By analyzing existing cross correlation between Elang Mahkota Teknologi and DCI Indonesia Tbk, you can compare the effects of market volatilities on Elang Mahkota and DCI Indonesia and check how they will diversify away market risk if combined in the same portfolio for a given time horizon. You can also utilize pair trading strategies of matching a long position in Elang Mahkota with a short position of DCI Indonesia. Check out your portfolio center. Please also check ongoing floating volatility patterns of Elang Mahkota and DCI Indonesia.

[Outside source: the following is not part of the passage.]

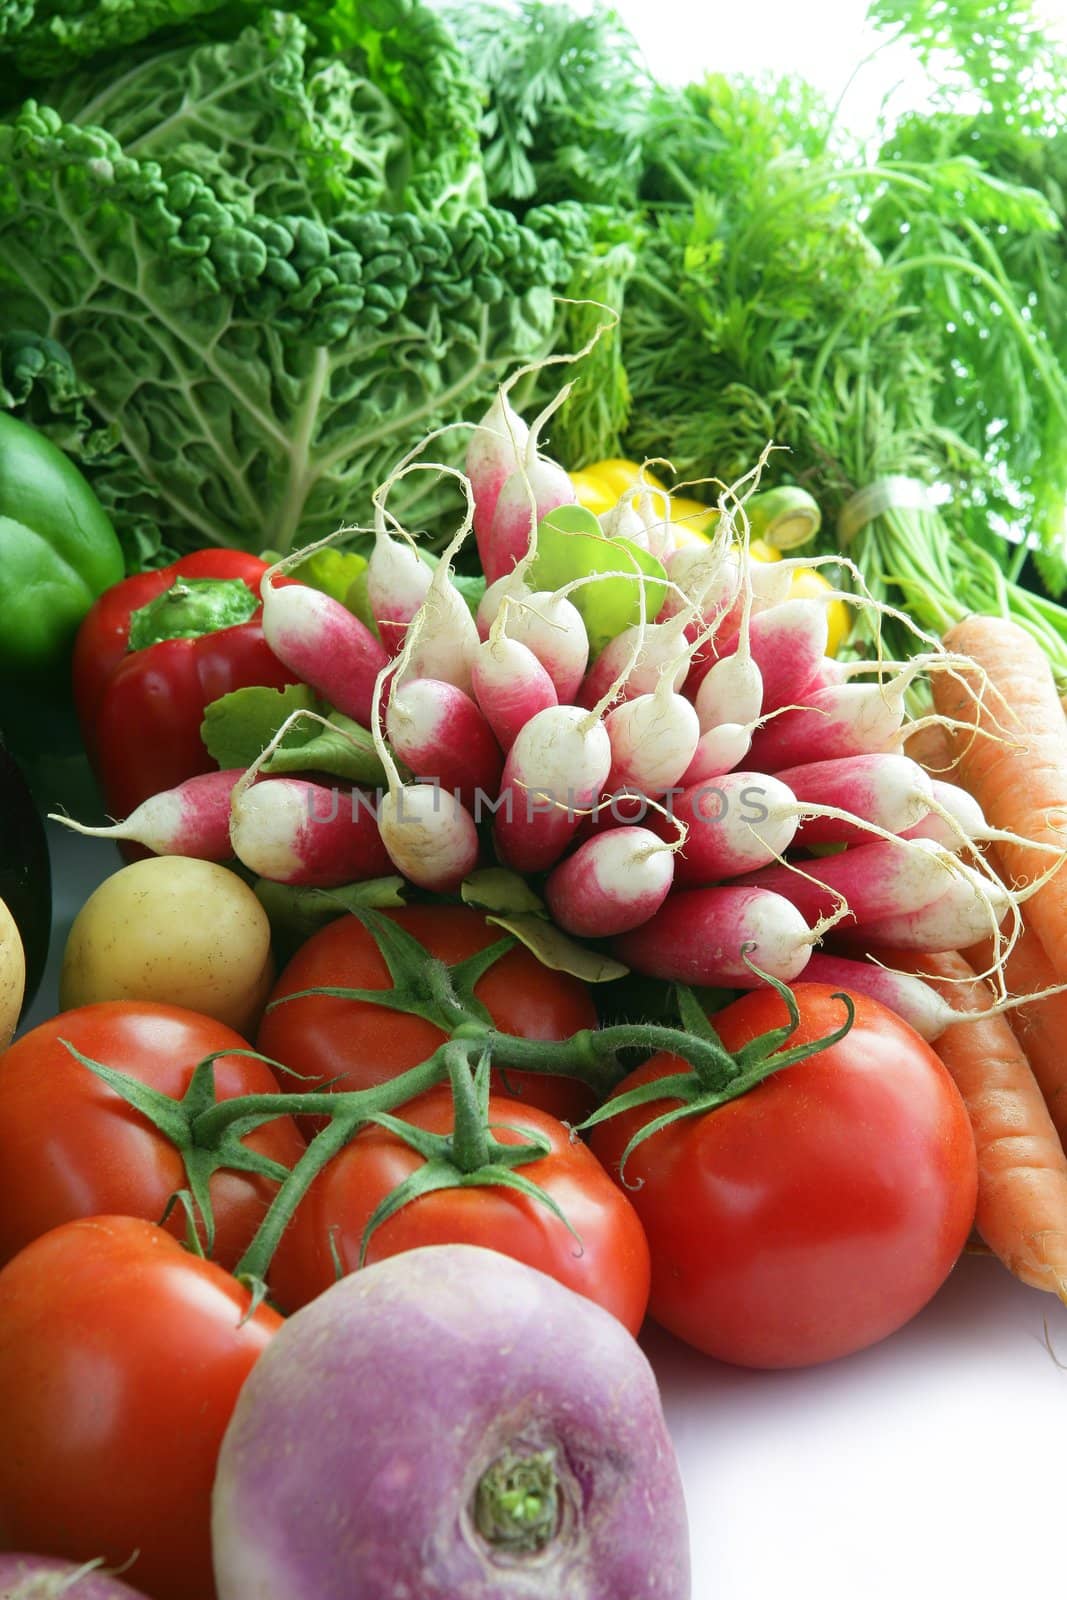 Pile of fresh vegetables by phovoir

Diversification Opportunities for Elang Mahkota and DCI Indonesia

-0.24
  Correlation Coefficient

Very good diversification

The 3 months correlation between Elang and DCI is -0.24. Overlapping area represents the amount of risk that can be diversified away by holding Elang Mahkota Teknologi and DCI Indonesia Tbk in the same portfolio, assuming nothing else is changed. The correlation between historical prices or returns on DCI Indonesia Tbk and Elang Mahkota is a relative statistical measure of the degree to which these equity instruments tend to move together. The correlation coefficient measures the extent to which returns on Elang Mahkota Teknologi are associated (or correlated) with DCI Indonesia. Values of the correlation coefficient range from -1 to +1, where. The correlation of zero (0) is possible when the price movement of DCI Indonesia Tbk has no effect on the direction of Elang Mahkota i.e., Elang Mahkota and DCI Indonesia go up and down completely randomly.

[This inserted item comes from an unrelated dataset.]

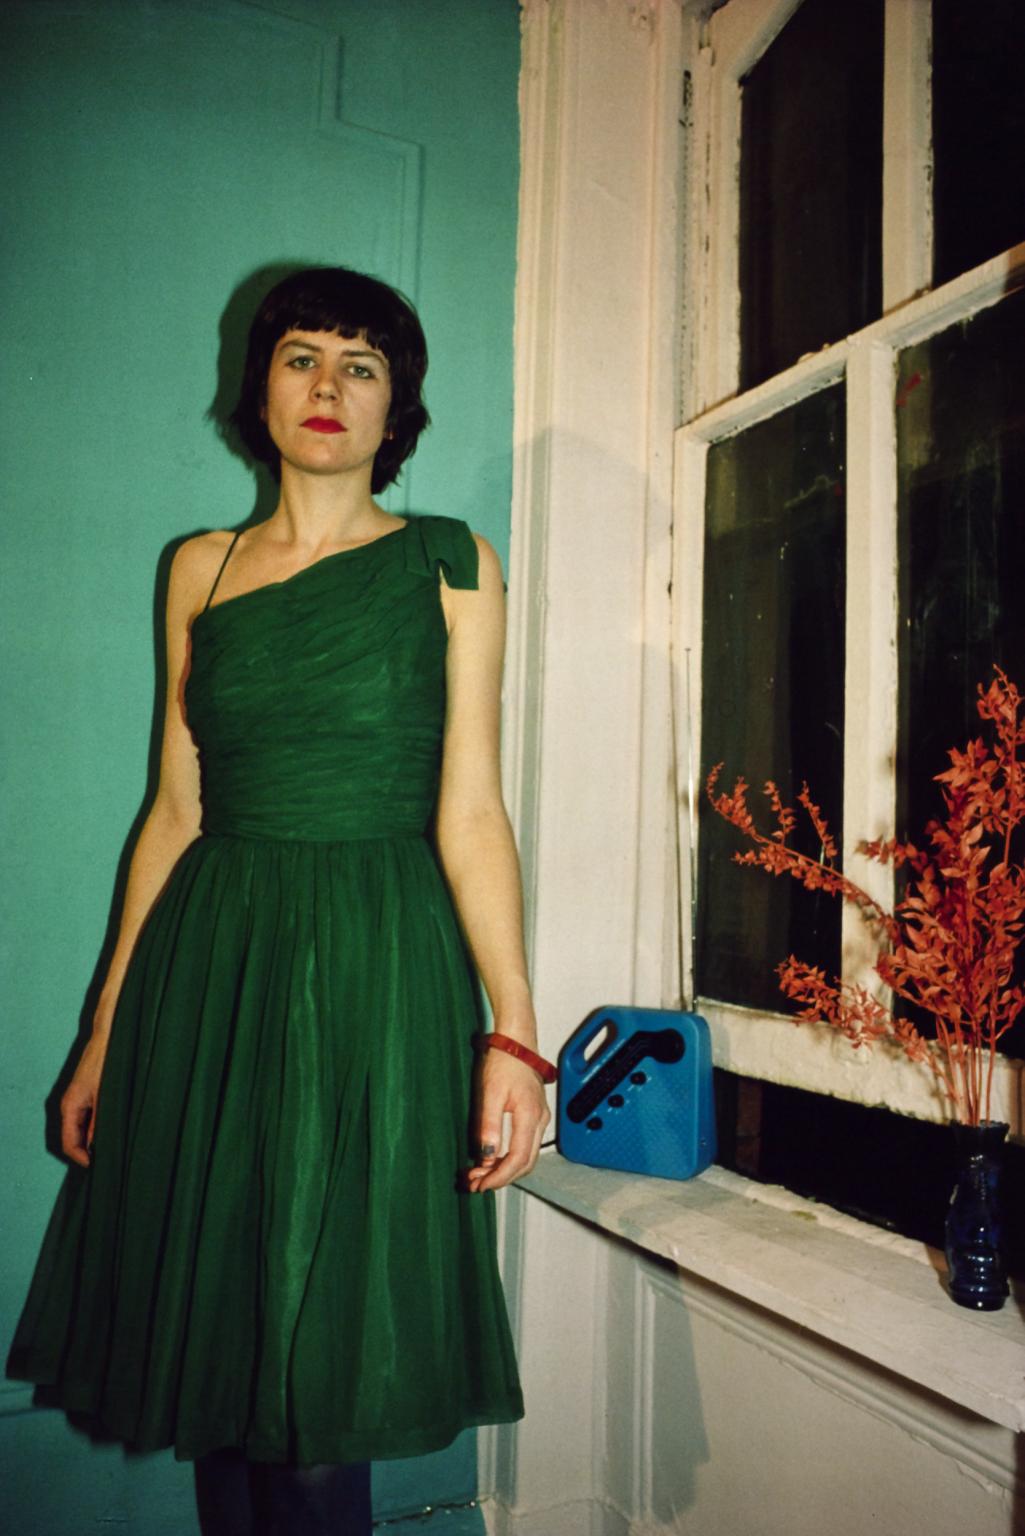 Vivienne in the green dress, NYC 1980. © Nan Goldin

Pair Corralation between Elang Mahkota and DCI Indonesia

Assuming the 90 days trading horizon Elang Mahkota is expected to generate 11.13 times less return on investment than DCI Indonesia. But when comparing it to its historical volatility, Elang Mahkota Teknologi is 2.41 times less risky than DCI Indonesia. It trades about 0.06 of its potential returns per unit of risk. DCI Indonesia Tbk is currently generating about 0.3 of returns per unit of risk over similar time horizon. If you would invest  4,210,000  in DCI Indonesia Tbk on December 29, 2024 and sell it today you would earn a total of  12,115,000  from holding DCI Indonesia Tbk or generate 287.77% return on investment over 90 days.
Time Period3 Months [change]
DirectionMoves Against 
StrengthInsignificant
Accuracy100.0%
ValuesDaily Returns

Elang Mahkota Teknologi  vs.  DCI Indonesia Tbk

 Performance 
       Timeline  
Elang Mahkota Teknologi 

Risk-Adjusted Performance

Modest

 
Weak
 
Strong
Compared to the overall equity markets, risk-adjusted returns on investments in Elang Mahkota Teknologi are ranked lower than 5 (%) of all global equities and portfolios over the last 90 days. Despite quite conflicting forward-looking signals, Elang Mahkota disclosed solid returns over the last few months and may actually be approaching a breakup point.
DCI Indonesia Tbk 

Risk-Adjusted Performance

Solid

 
Weak
 
Strong
Compared to the overall equity markets, risk-adjusted returns on investments in DCI Indonesia Tbk are ranked lower than 23 (%) of all global equities and portfolios over the last 90 days. Despite quite conflicting forward-looking signals, DCI Indonesia disclosed solid returns over the last few months and may actually be approaching a breakup point.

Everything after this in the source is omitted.